Once again, here’s what Ravi did: He used a webcam to film his roommate kissing a guy. Then he tweeted that, quote, “I saw him making out with a dude. Yay.” And for this, we’re talking fives and tens of years in jail — not really because of the trivial thing he did, but for having bad thoughts.

This is the most horrible, most shameful prosecution I’ve heard of for a long time. Homosexuals are less than four percent of our population, perhaps only one percent; and rather than face down the shrieking hysteria of this tiny minority, we are turning our jurisprudence upside down and wrecking the life of a harmless young man in an effort to appease the mob.

From all that I’ve read — and I’ve read a good deal about this case: Ian Parker’s report in the February 6th New Yorker is a good starting point — Tyler Clementi was a chronically unhappy young man. He killed himself, for reasons not known. That’s an awful thing: I speak as the father of two teenagers.

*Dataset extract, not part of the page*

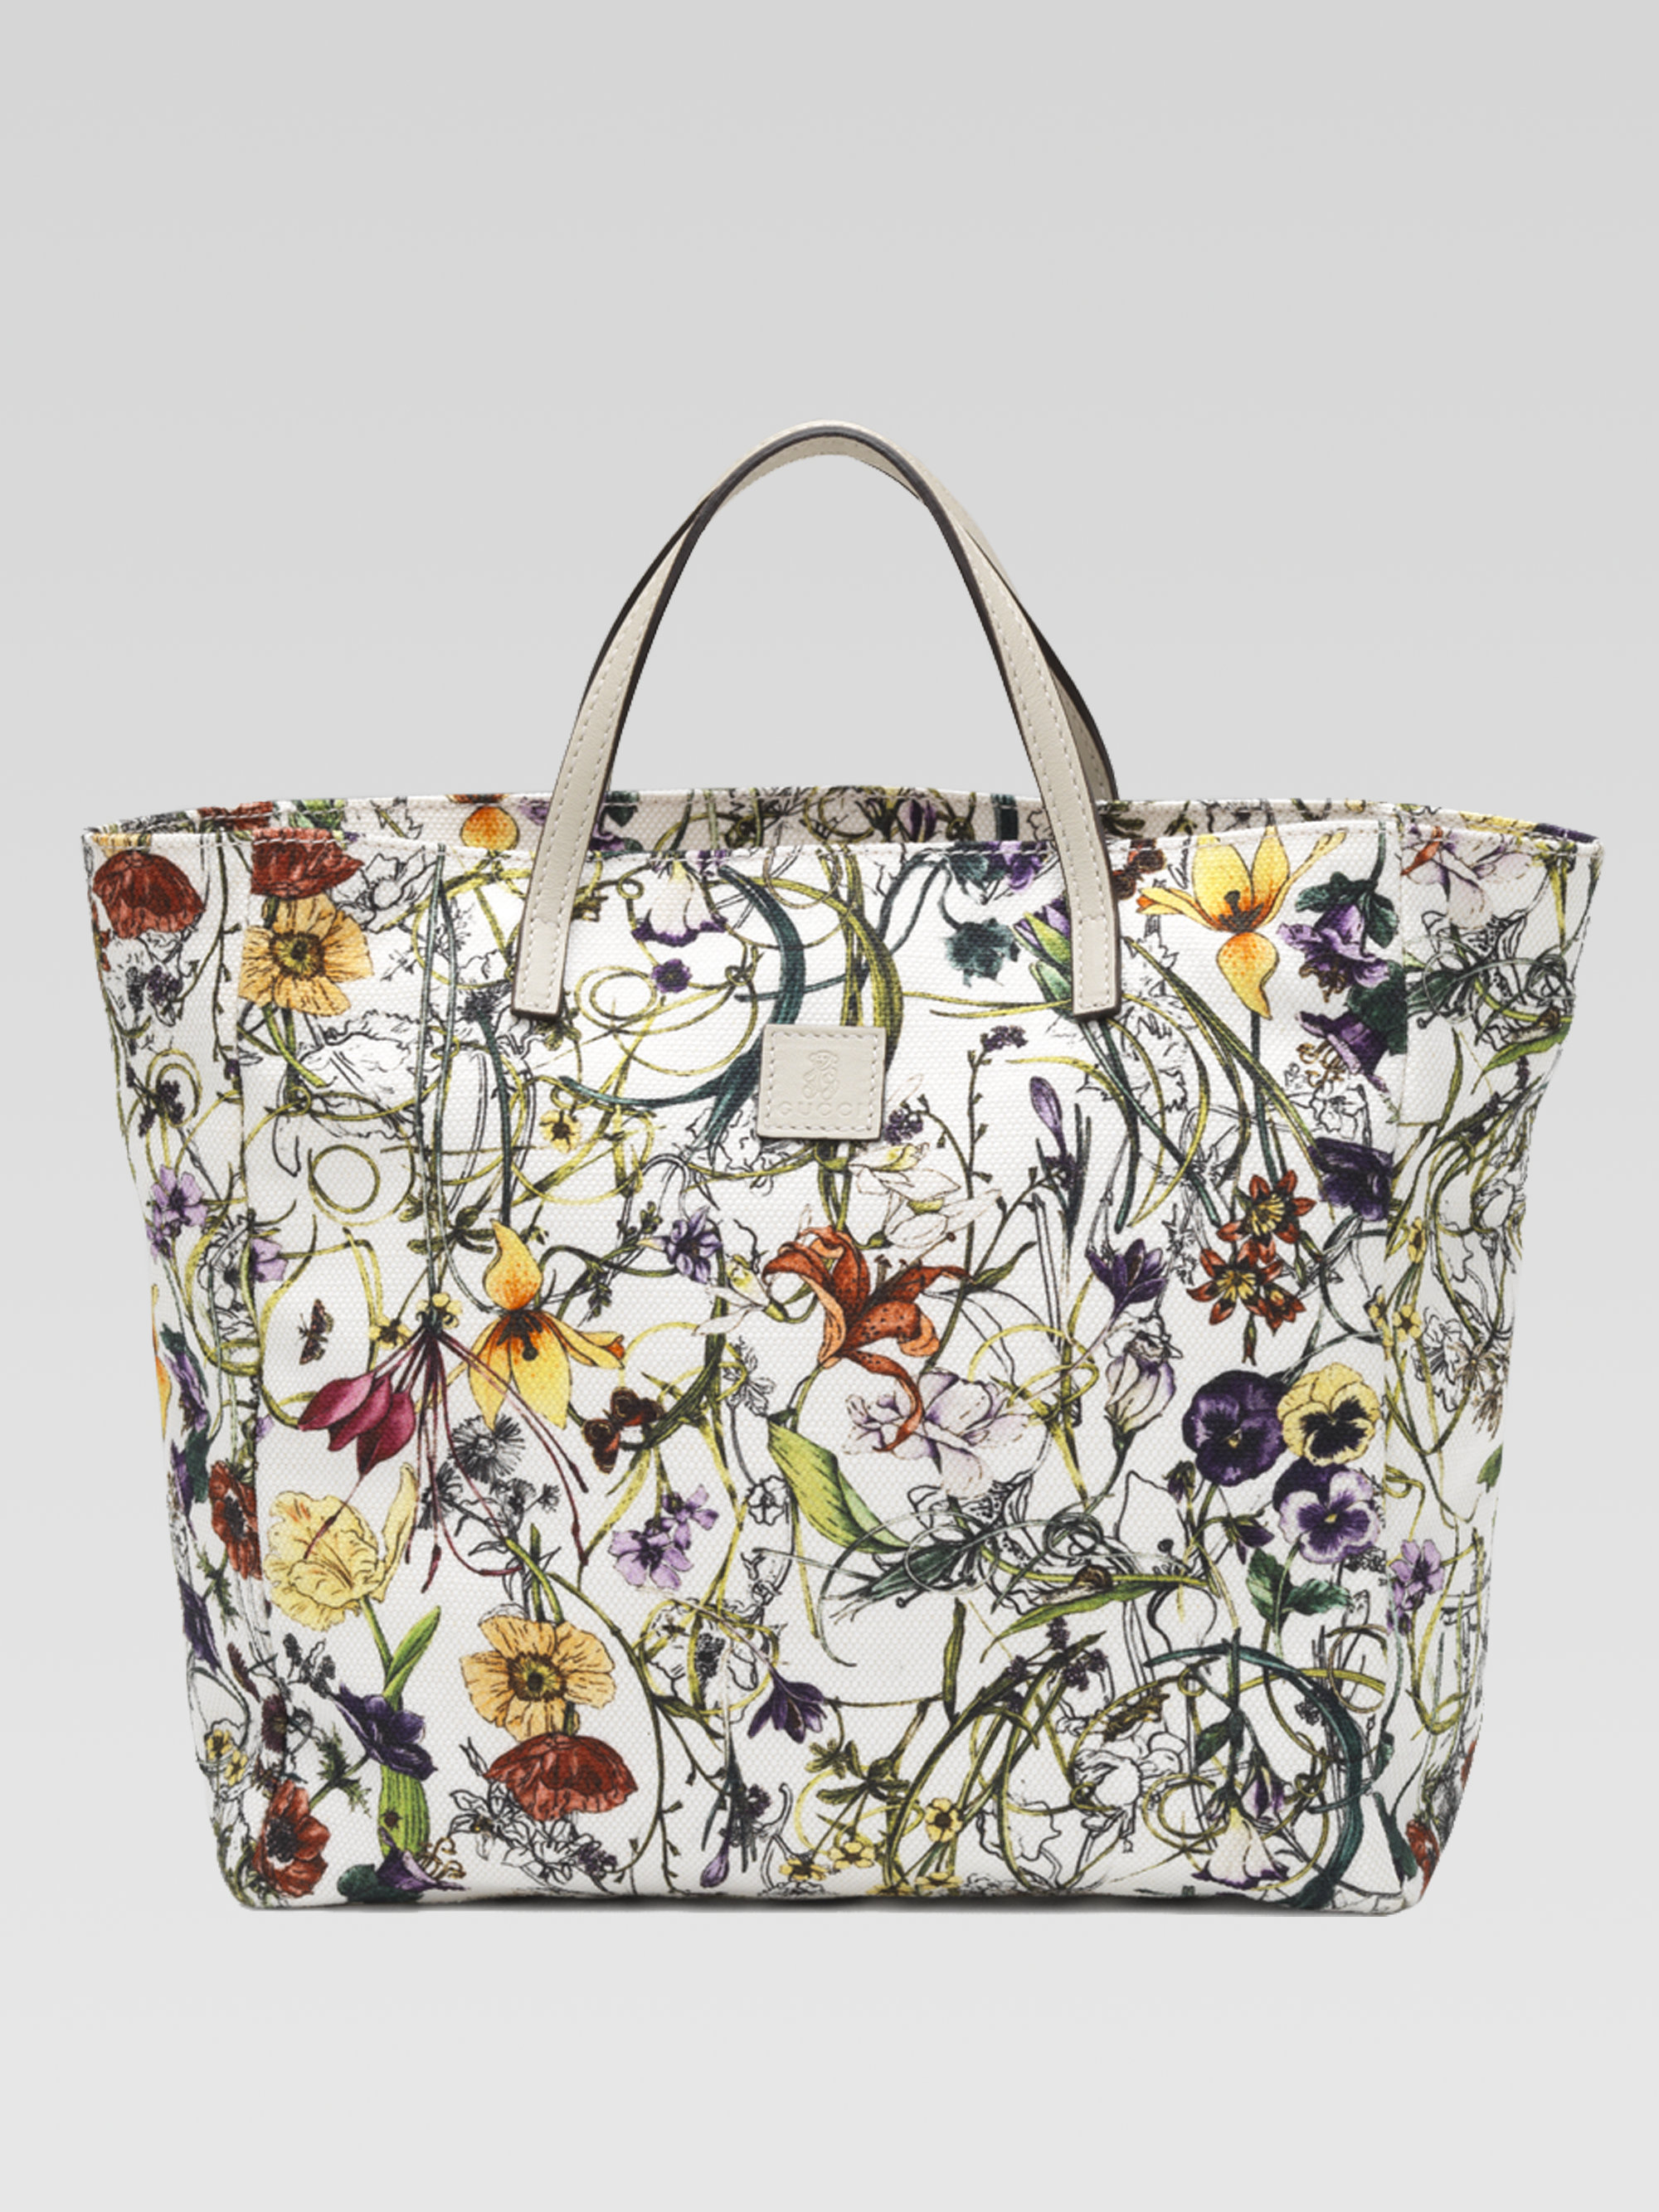 gucci white floral bag

It is not the purpose of the federal government to try to prevent unhappy people from killing themselves though; nor is it the purpose of the judiciary, when such a thing happens, to hunt out a scapegoat and drag him through the courts at the behest of rich, noisy nuisance lobbies.

“You can’t go to jail for what you’re thinking,” went the old song. In New Jersey, you can, if you’re thinking unkind thoughts about homosexuals. This prosecution is a disgrace to New Jersey, a shame on the people of New Jersey and on their gibbering, pandering, fool politicians. The charges against Dharun Ravi are nothing less than totalitarian.

Now I’m going to start the uncontrollable screaming; but it’s OK, I’ll do it off mike.

You can bet your bottom dollar on this:  when the Supreme Court decides that the First Amendment is unconstitutional (yes, I know, it’s a contradiction in terms, but they’ll use artful language to express their point), it will use the suicide of youths as the fig leaf for that step into totalitarianism.  Mark my words.

That said, the death of Tyler Clementi is a tragedy.  I wish his family the ultimate comfort of being reunited at the Resurrection.